Ha costruito delle scuole con mattoni e sabbia, così abbiamo cominciato ad avere delle scuole “moderne”, almeno rispetto ai corsi all’aria aperta.
Poi lo Stato ha costruito due collegi. Il primo è chiamato 9 giugno ed è un po’ lontano dai campi, l’altro è la scuola del 12 ottobre. Ecco nei due collegi gli studenti vivono per tutto il periodo scolastico, mangiano e dormono là dentro.”
Dunque la struttura scolastica saharawi si compone di più livelli. Dopo la scuola primaria o elementare – dalla durata di 6 anni – gli studenti lasciano le proprie famiglie all’età di 12 anni per entrare in collegio.
Il numero delle scuole elementari è cresciuto arrivando a una media di sette per ogni wilaya, mentre nei primi tempi dell’esilio se ne poteva contare al massimo una. I collegi sono in numero molto minore rispetto alle scuole primarie e ospitano giovani maschi e femmine saharawi che fanno ritorno alle proprie case per dieci giorni ogni tre mesi. Se è vero che i dormitori sono separati, la promiscuità maschi-femmine del collegio pose – e pone – dei problemi alle famiglie – restie ad oltrepassare la barriera di pudore eretta dalla tradizione islamica e saharawi. Dovette trascorrere del tempo prima che dei genitori fossero convinti a mandare le proprie figlie nel collegio e sulle famiglie concentrarono una serie di politiche di sensibilizzazione avviate dal Polisario.
Una vita da studente
Una delle interviste che ho realizzato è stata a Rachid Lehebib, un giovane saharawi di 24 anni, che ha completato l’intero percorso scolastico fino all’università prima di emigrare in Francia in cerca di lavoro.
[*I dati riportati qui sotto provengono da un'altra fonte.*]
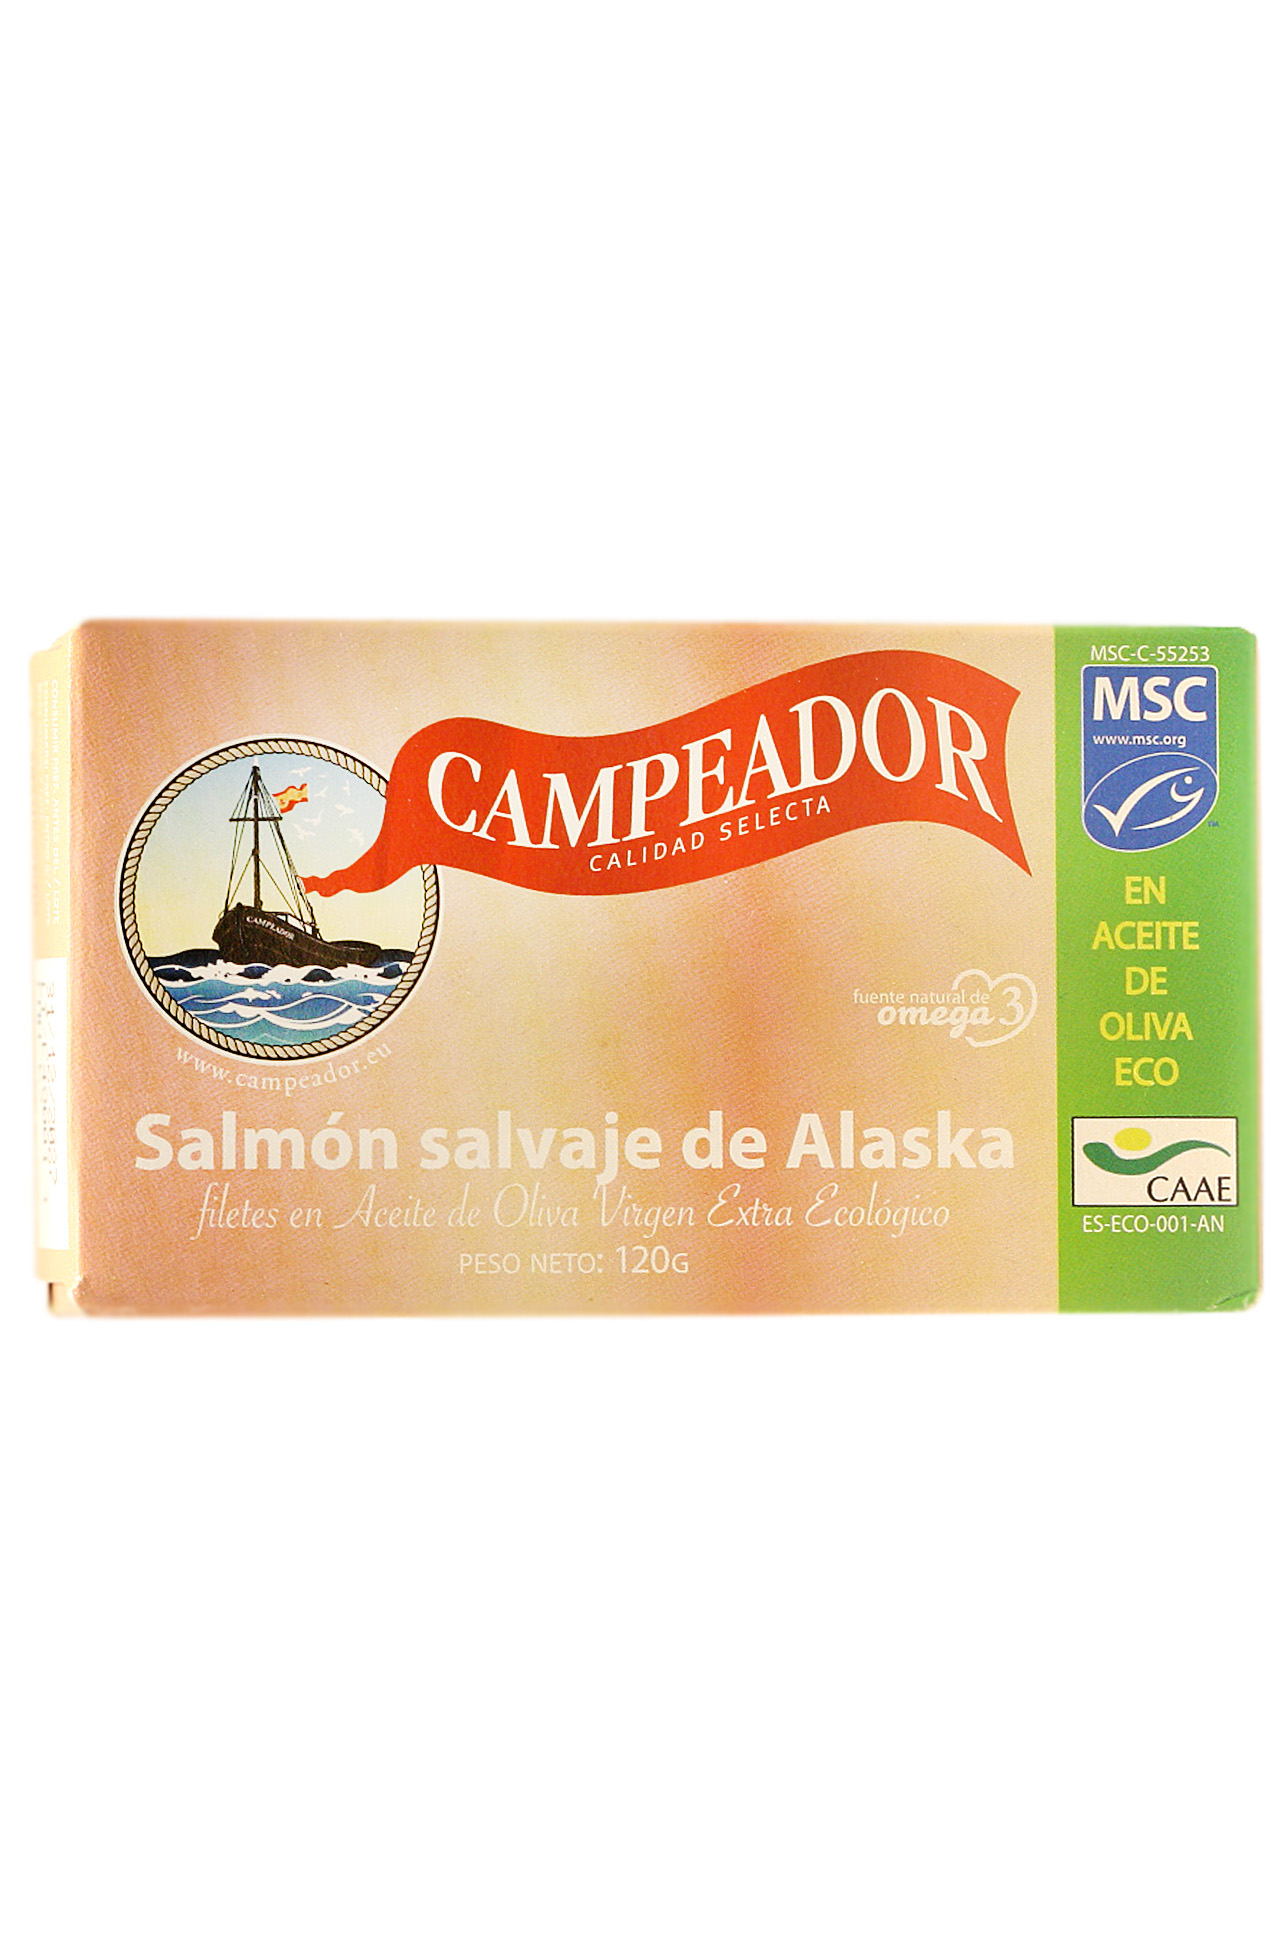 Salmon in extra virgin olive oil
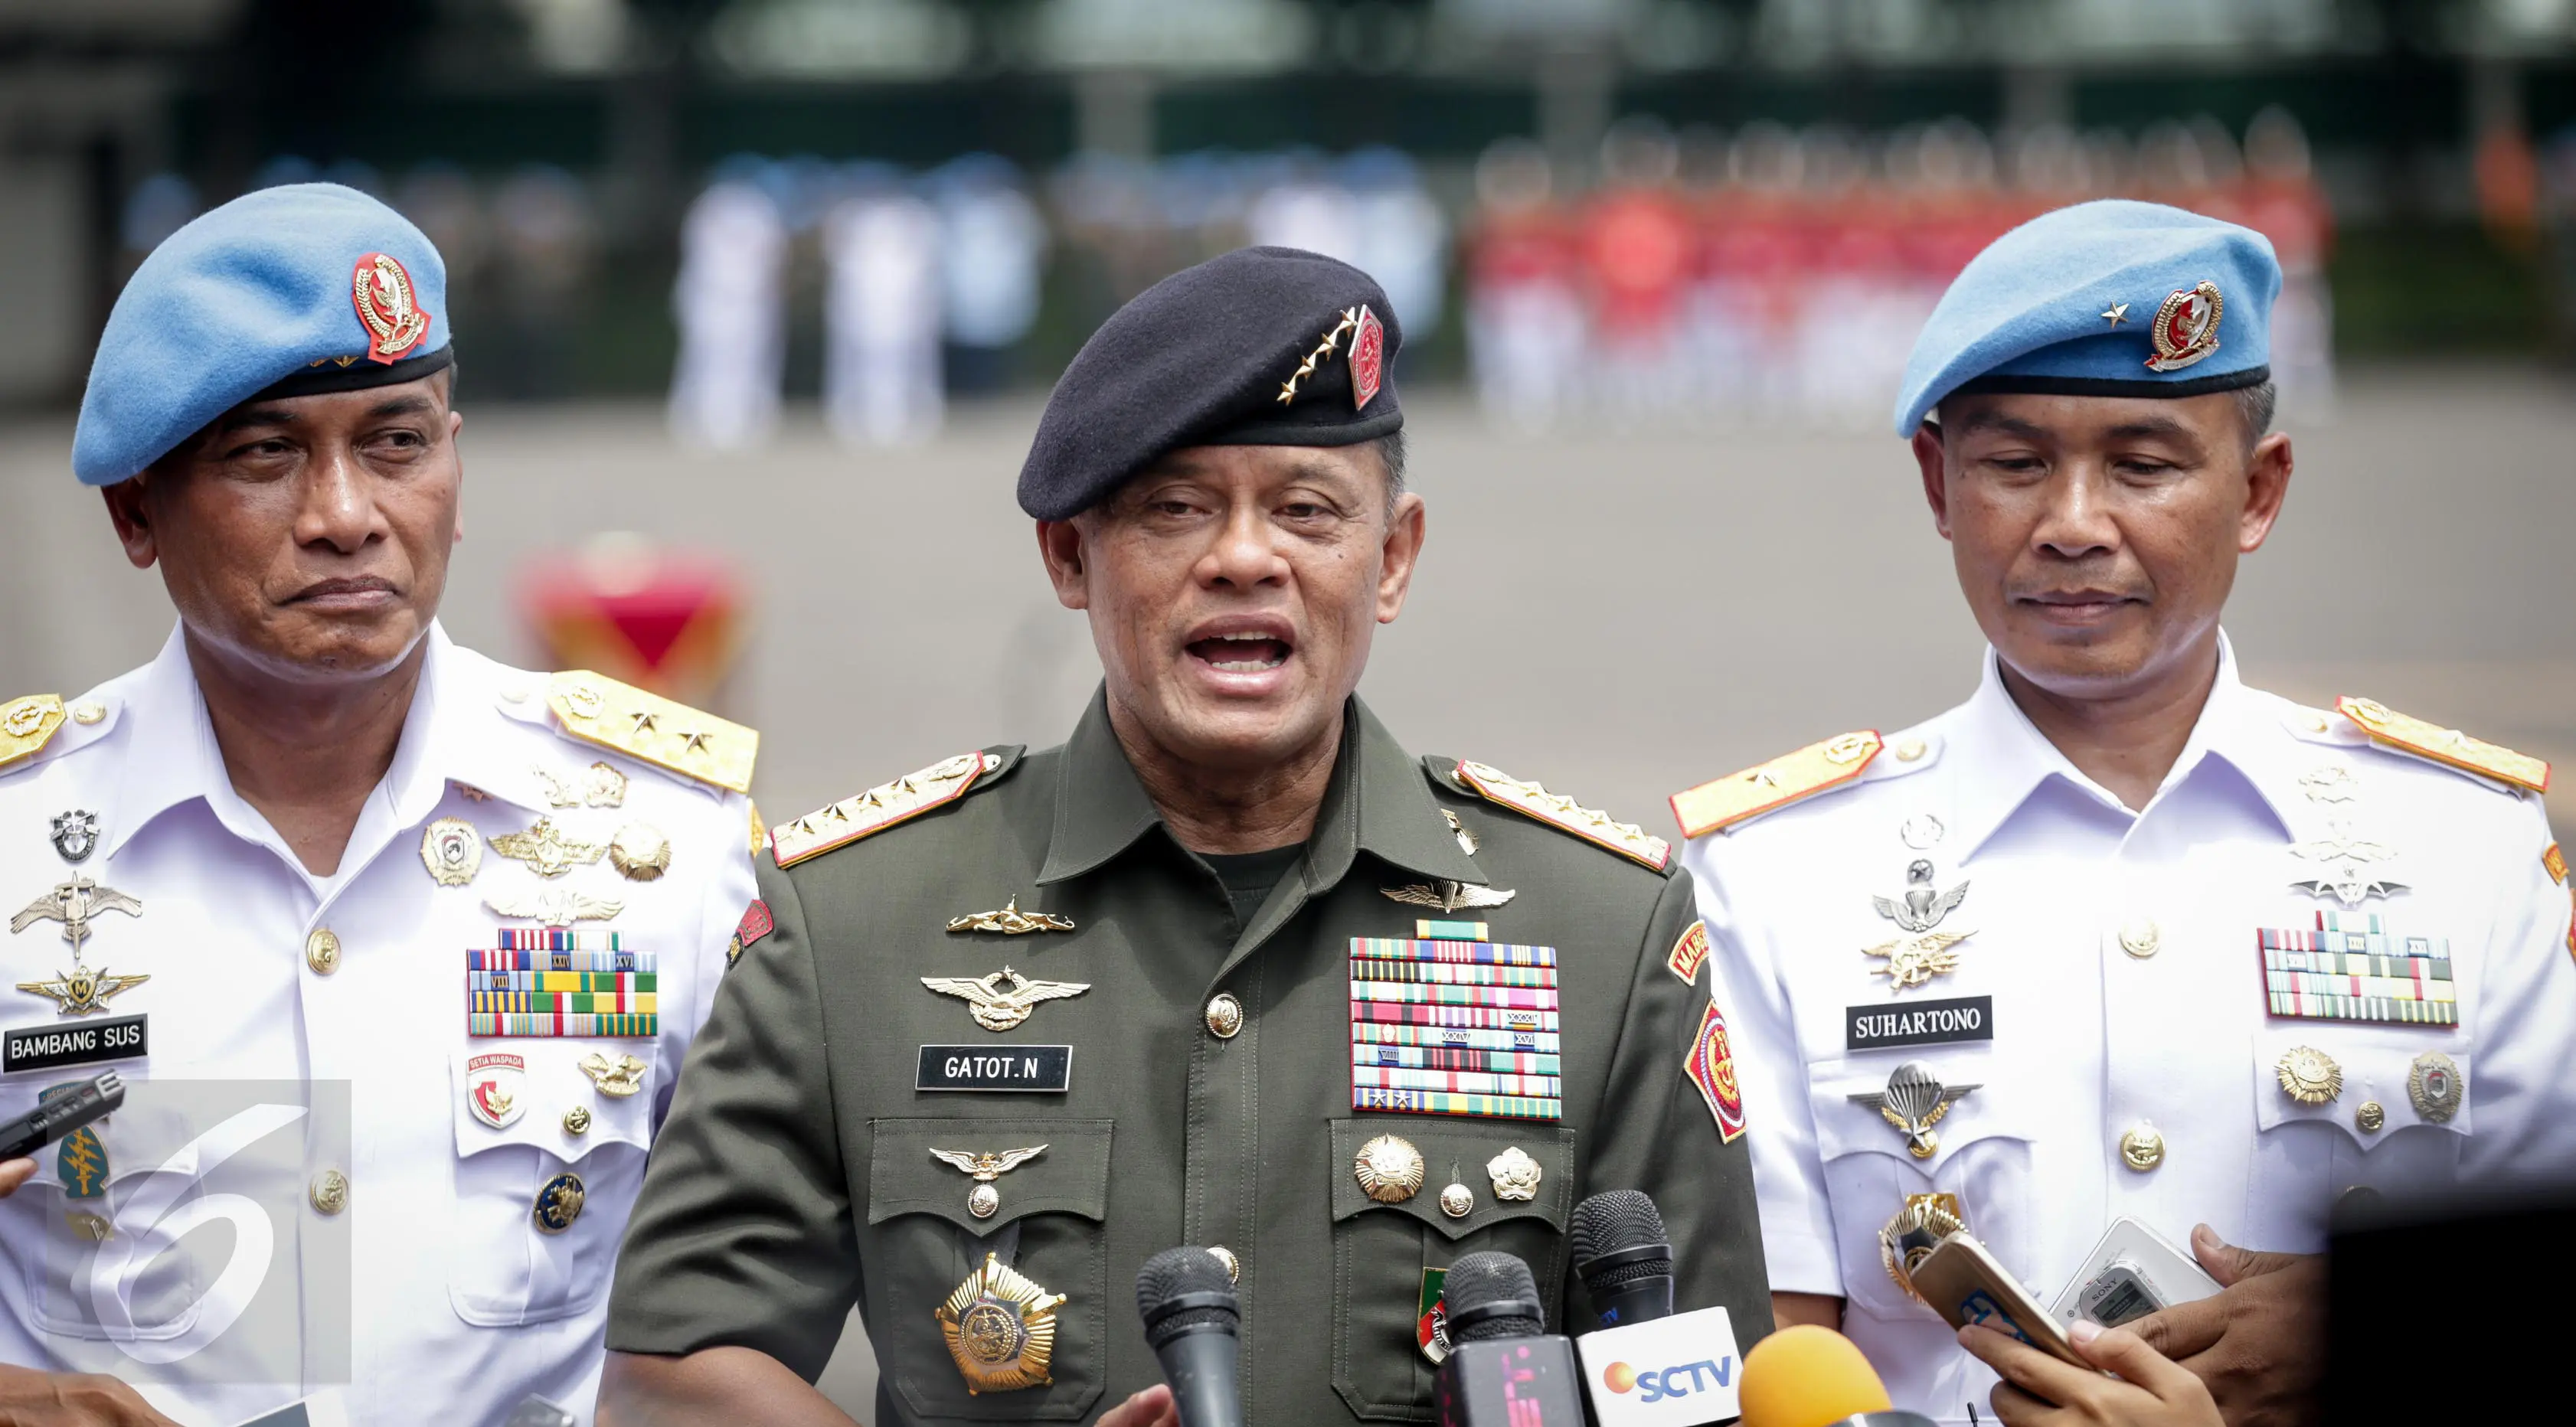 Panglima TNI Jenderal Gatot Nurmantyo memberikan keterangan usai sertijab Komandan Pasukan Pengamanan Presiden (Danpaspampres) di Jakarta, Selasa (14/3). Brigjen TNI (Mar) Suhartono resmi menggantikan Mayjen Bambang Suswantono (Liputan6.com/Faizal Fanani)

Il collegio lo ha fatto in Algeria, uno degli Stati che offre borse di studio agli studenti saharawi in base ad accordi che ha stipulato con la RASD.
“E’ molto duro, molto difficile andarsene e lasciare la famiglia per 9 mesi, è molto difficile. Quando sono andato in Algeria a 12 anni ero in grande difficoltà perché era la prima volta che lasciavo la famiglia ed era molto, molto difficile. Perché in Algeria devi cucinare da solo, lavarti i vestiti e fare molte altre cose per te da solo. Quando sei in famiglia tua mamma e tuo papà ti comprano o ti fanno sempre qualcosa, ma quando ti portano in Algeria devi fare le cose da te.”
La partenza per il collegio rappresenta, come detto, una prima separazione dal nucleo familiare, la cellula base della società, particolarmente importante in quella saharawi. I bambini si trovano catapultati in un ambiente tendenzialmente isolato dove – per mancanza di mezzi – gli si chiede di essere già molto autonomi.
“Siamo tutti studenti, ma in gruppo, perché tutti i Saharawi che vanno a studiare in Algeria vengono in gruppi, per esempio in Sidi bel Abbes sono cento, cento saharawi, ad Orano sono 50, a Béchar, nel nord dell’Algeria ce ne sono un altro numero. Si viene in gruppi e si vive nei collegi. Si vive in comune, tutti gli studenti vivono uniti, non come all’università. E’ tipo un gruppo, in una stanza ci sono tre o quattro, hai il letto, hai il bagno e ci sono uno, no, due Saharawi grandi che vengono con gli studenti come, diciamo, responsabili. I due Saharawi responsabili grandi per esempio organizzano gli studenti per fargli fare sport.”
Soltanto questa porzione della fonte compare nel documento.